The various college rankings are based on variables that the organizations doing the rankings believe are important or reflect quality. There is no universal set of variables on which everyone agrees, and the disagreements about what matters can be quite energetic. It is not unusual, therefore, for a college to appear near the top of one list and near the bottom of another.
The varying degrees of rigor with which the information that forms the basis of the lists is collected can also result in dizzying changes in placement from one year to the next.
For some organizations, the focus is on factors that create significant differentiation among schools along a small, carefully circumscribed set of dimensions. Others-most notably the federal government-tend to whitewash differences not only among colleges but across higher education sectors and settle on a set of metrics that ostensibly apply to all-public private, residential, online, vocational, liberal arts, selective, open-but in fact apply, in the aggregate, to none.

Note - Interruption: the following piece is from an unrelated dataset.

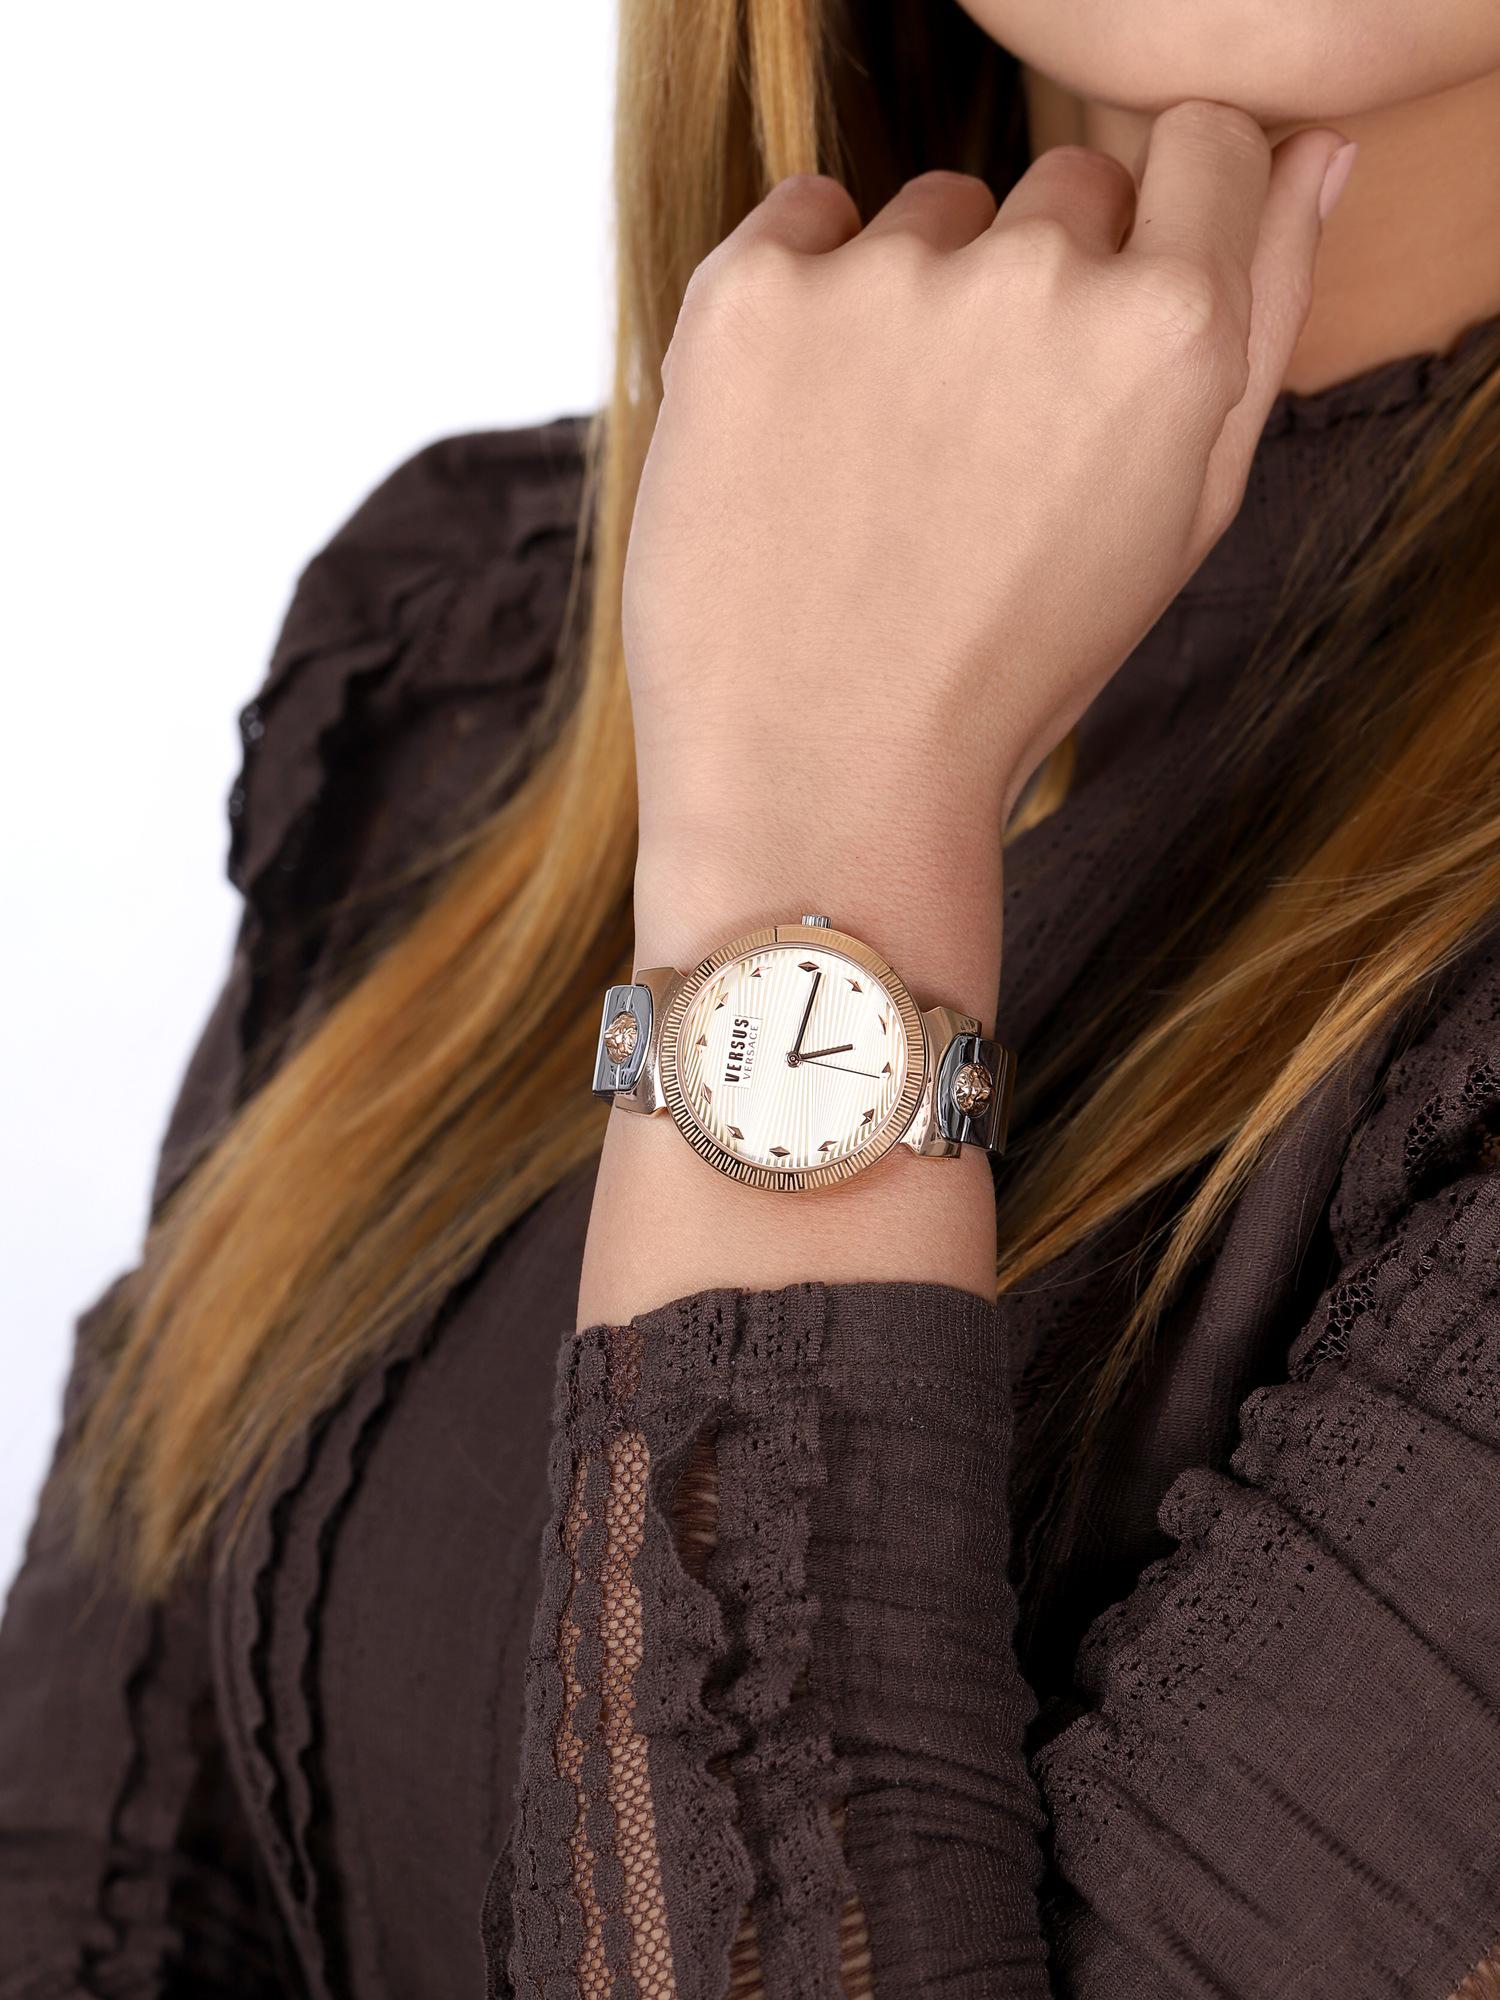 Versus Versace VSPEO0819 zegarek różowe złoto klasyczny Damskie bransoleta

So, reader-unfriendly though it may be, methodology matters. In what is often a sincere effort to assist prospective students and their families as they navigate the overwhelming amount of information on an increasingly complex array of higher education options, correspondingly complex numbers are reduced to summary measures that, at their least harmful, mask important context or, at their most harmful, exploit it.
In combination, these two considerations-organizational agenda and the winnowing of complex data into sound bites-can be a disservice to the very students the ranking organizations wish to help.

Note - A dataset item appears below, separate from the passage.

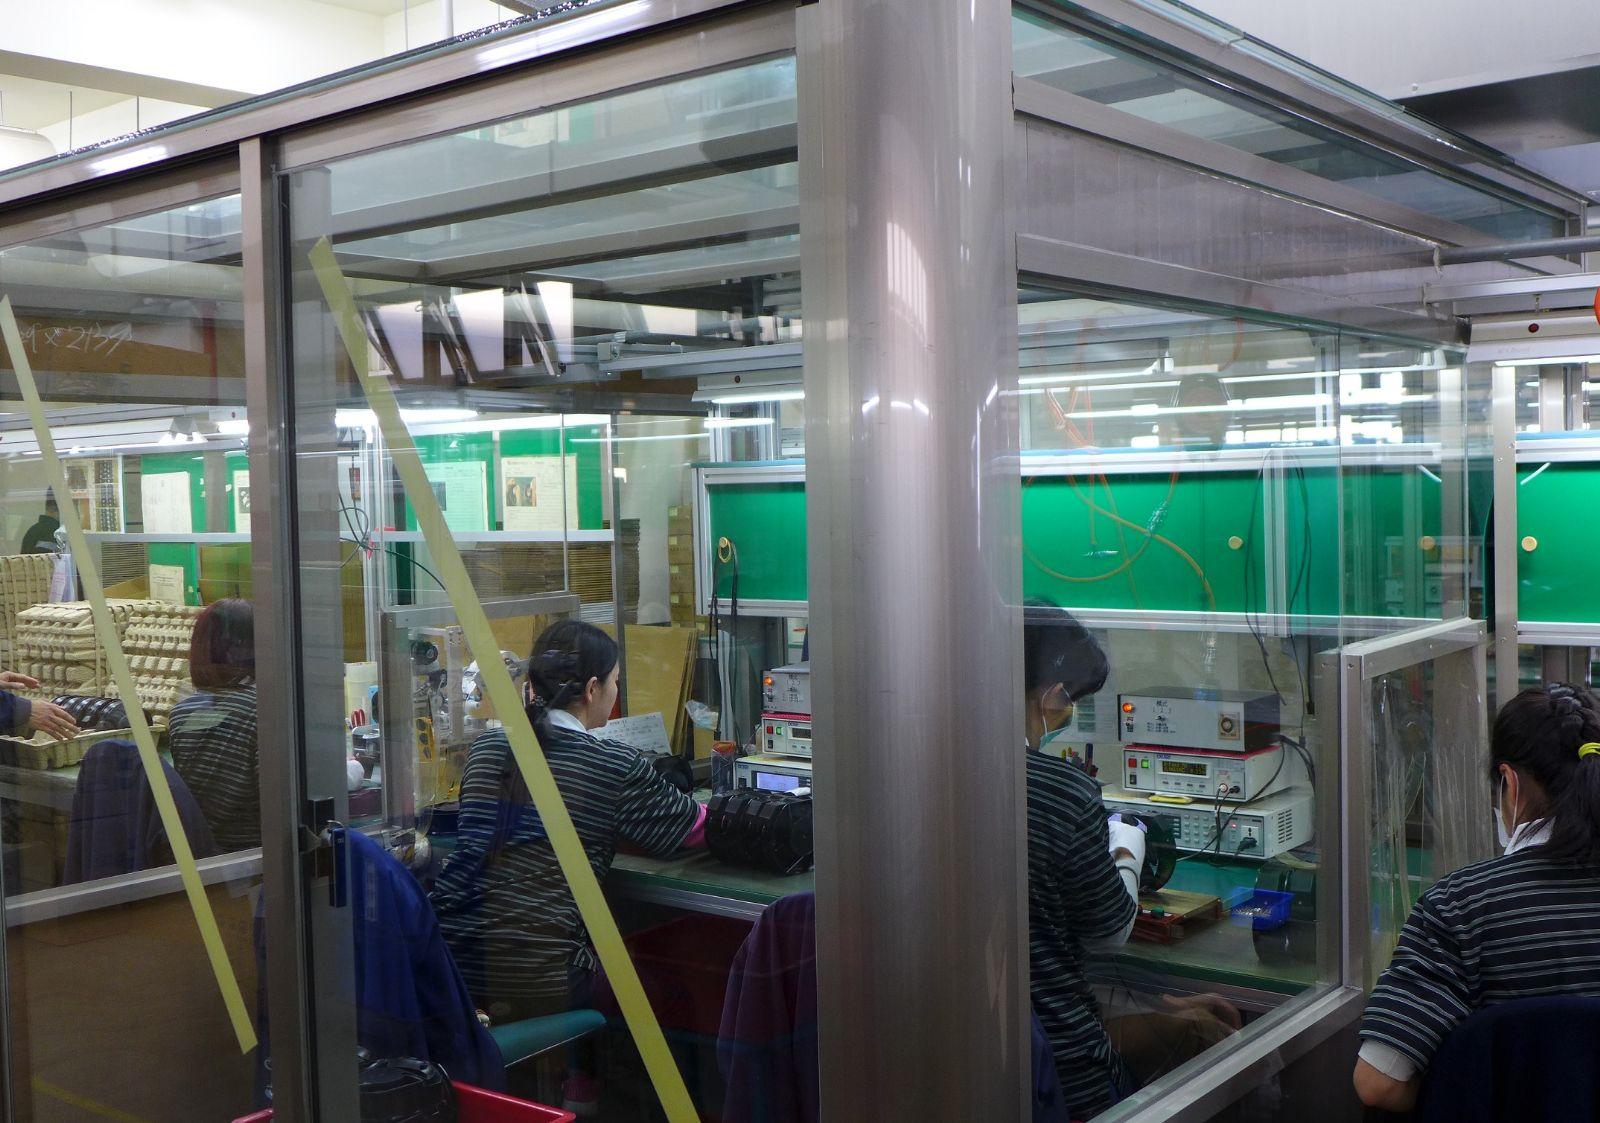 交流散热风扇 设在生产线 隔音测试间

Rankings reflect opinions about what matters in higher education and how well colleges meet presumed obligations. They are also, candidly, often a vehicle to draw attention-and web clicks-to organizations' agenda, which run the gamut from educational to political to commercial to controversy for controversy's sake. (When US News started its rankings, for example, they were a small item in the print magazine. The print magazine is long defunct, but the web site draws more than 10 million visitors for whom the first stop is most often one of the ranking lists, the number of which grows almost annually.) Methodology runs the gamut as well, from data-driven algorithms to anecdotes offered by individuals who may or may not be students, and may or may not even attend the school in question. The result of such variety in both philosophy and rigor is that no school—not a single one—appears at or near the top of every ranking, nor is there any guarantee that doing well one year means doing well the next.
Colleges have a choice. They can dismiss all rankings on methodological grounds. They can expend time and resources improving placement on a select few. Or they can focus on aspects of the various lists that, overall rank notwithstanding, resonate with campus mission and priorities. Which of these metrics matter to us? What can we learn from this comparison with our peers? With whom do we share proximity on the list?
Davidson asks these questions every time a rankings list is released. We take a critical look at methodology, and we assess the reliability of what is being measured. We take particular note of where Davidson is relative to schools with similar missions and resources. We are mindful that prospective students, donors, and alumni are unlikely to have delved into the often hard-to-find explanations of data collection and calculation, and that there is a fine line to walk between shining an objective light on those issues and defensively downgrading their impact.
The most productive approach Davidson can take to the proliferation of rankings is to have a solid understanding of what each of these organizations hopes to accomplish, a firm grasp on campus priorities and whether or not they are truly reflected in any particular ranking, the means for conveying accurate information to its various constituencies, and the standing to give invalid conclusions only the weight they deserve.
This last is critical. Schools that have complained most publicly about their own rankings have been, almost without exception, schools whose company Davidson does not wish to keep. The top schools, on the other hand, can say, "this is not a list to which we aspire" or to greet inclusion among highly ranked schools with "we are pleased to be recognized as part of this group." Davidson is privileged to be counted among the schools able to dedicate time and resources not to what a rankings organization tells us matters but to what the college knows matters, to its mission, to its aspirations, and to its students.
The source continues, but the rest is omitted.